Ce document, qui repose sur trois millions d'analyses réalisées au cours de l'année 2011 au titre du Schéma National de Données sur l'Eau (SNDE) pour la surveillance des milieux aquatiques, livre plusieurs constats.

Le premier, assez attendu, confirme que seule la moitié des cours d'eau présente un bon état écologique, assez loin de l'objectif de 66% fixé à l'horizon 2015. Sans véritable surprise, les états moyens à mauvais sont principalement situées sur les cours d'eau nord alpins impactés par l'énergie hydraulique, dans les zones où l'agriculture intensive domine (bassin de la Saône, vallée du Rhône) et dans les régions très urbanisées, essentiellement le pourtour méditerranéen.

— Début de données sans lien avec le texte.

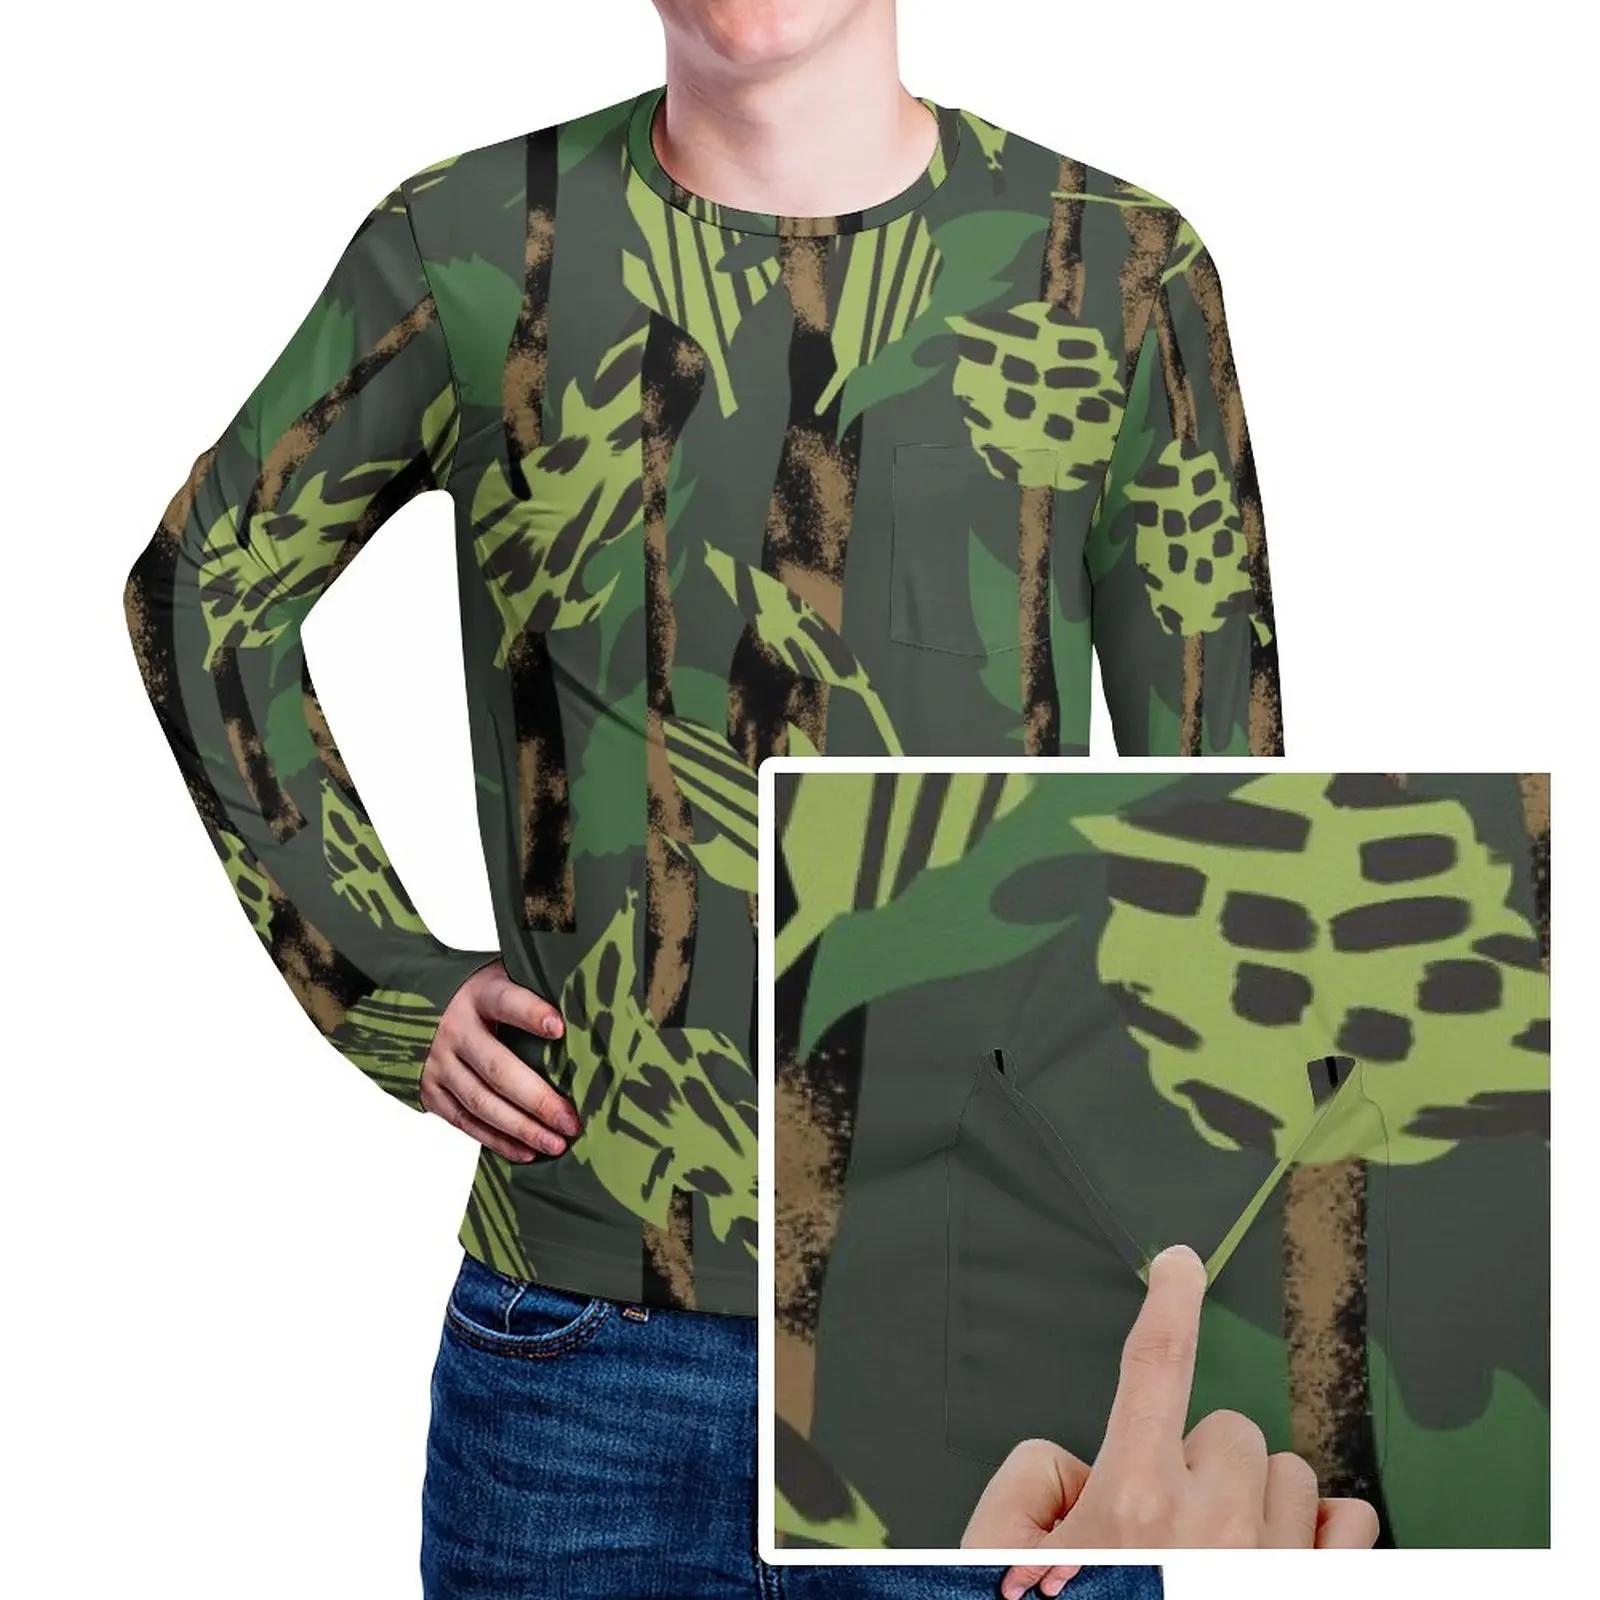 

Зеленая футболка с камуфляжным принтом, футболки в стиле хип-хоп с леопардовым принтом и карманом, дизайнерская футболка с длинным рукавом, базовые футболки оверсайз на весну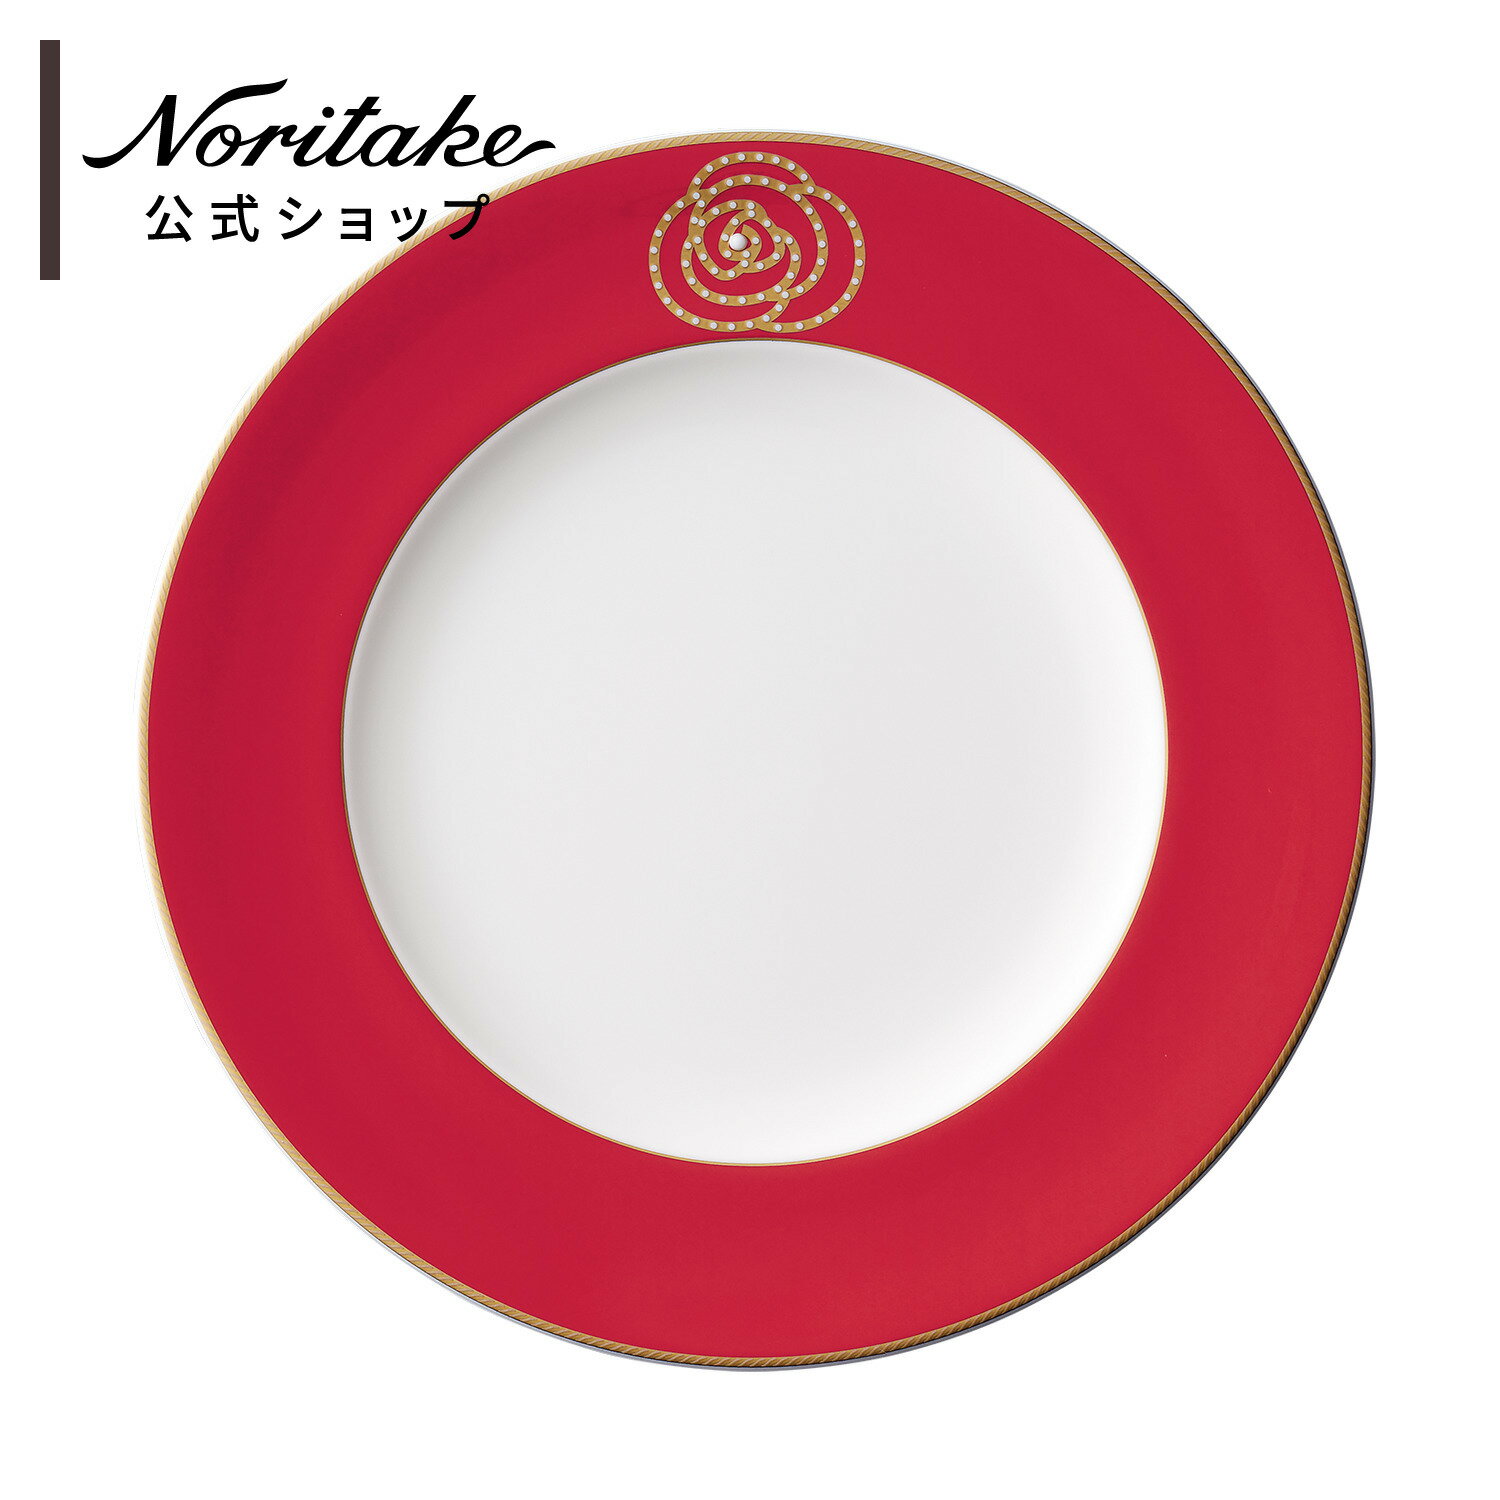 ノリタケ エイダンゴールド 24.5cmプレート(赤) ( ミート皿 ディナー皿 新生活 日常使い ゴールド 赤 おしゃれ

De là découlent tout naturellement les principales atteintes qui pèsent sur la qualité des cours d'eau.

La première concerne la mise à mal du bon fonctionnement physique des rivières, garant des équilibres dynamiques naturels qui concerne 60 % des cours d'eau en Rhône-Méditerranée et 20% en Corse avec trois points noirs : les modifications de débit, essentiellement dus aux prélèvements, qui touchent le tiers des cours d'eau, les ruptures de continuité écologique et sédimentaire (seuils, barrages) qui concernent 50 % des rivières et les altérations morphologiques qui fragilisent la moitié des rivières et compromettent la reprise de la vie aquatique après une sécheresse ou une pollution.

Le second constat concerne les pollutions par les micropolluants et plus particulièrement les pesticides qui concernent 40% des rivières et 20% des nappes souterraines et dont le rapport constate qu'ils ne reculent pas. Plus grave encore mais pas forcément plus surprenant, 49 substances interdites depuis plusieurs années se retrouvent dans les rivières et 20 dans les eaux souterraines. En cause, des « stocks » toujours présents dans les sols et qui font l'objet de relargages réguliers même après plusieurs années, mais aussi le constat que certains pesticides continuent à être utilisés de façon illicite notamment dans le Beaujolais et le Roussillon.

Autres sources de pollutions, les HAPs qui touchent 99% des sites de surveillance et les PCB, toujours très présents sur près de la moitié des sites surveillés avec une contamination élevée sur les sédiments du Tillet et de la Leysse.

Le troisième constat concerne le recul de la pollution organique dont le rapport de l'agence relève qu'elle a été divisée par 10 en 20 ans. La mise aux normes des stations d'épuration urbaines et industrielles a porté ses fruits : en 20 ans, l'ammonium, paramètre indicateur du niveau de traitement des eaux usées, est passé d'une qualité médiocre à bonne. « Par rapport à 1990, ce sont ainsi 30 tonnes d'ammonium par jour qui transitent en moins à l'aval de Lyon » indique le rapport.

Ainsi donc, avec la dégradation morphologique des cours d'eau et la pollution par les pesticides qui apparaissent aujourd'hui comme les principales menaces qui pèsent sur les cours d'eau et les nappes, ce sont des enjeux qualifiés il y a quelques années encore d'émergents auquel se trouve confronté le bassin Rhône-Méditerranée et Corse.

L’amélioration de la qualité physicochimique des rivières prouve que les politiques publiques sont efficaces et permettent de faire face à des situations jugées parfois très complexes même s'il faut du temps pour arriver à ce résultat. Du temps et de l'abnégation, il en faudra plus encore pour venir à bout de la pollution par les pesticides et régler le problème des PCB.

D’autant que les enjeux qui émergent aujourd'hui - changements climatiques, pénuries d'eau - ne sont pas moins lourds que les enjeux actuels.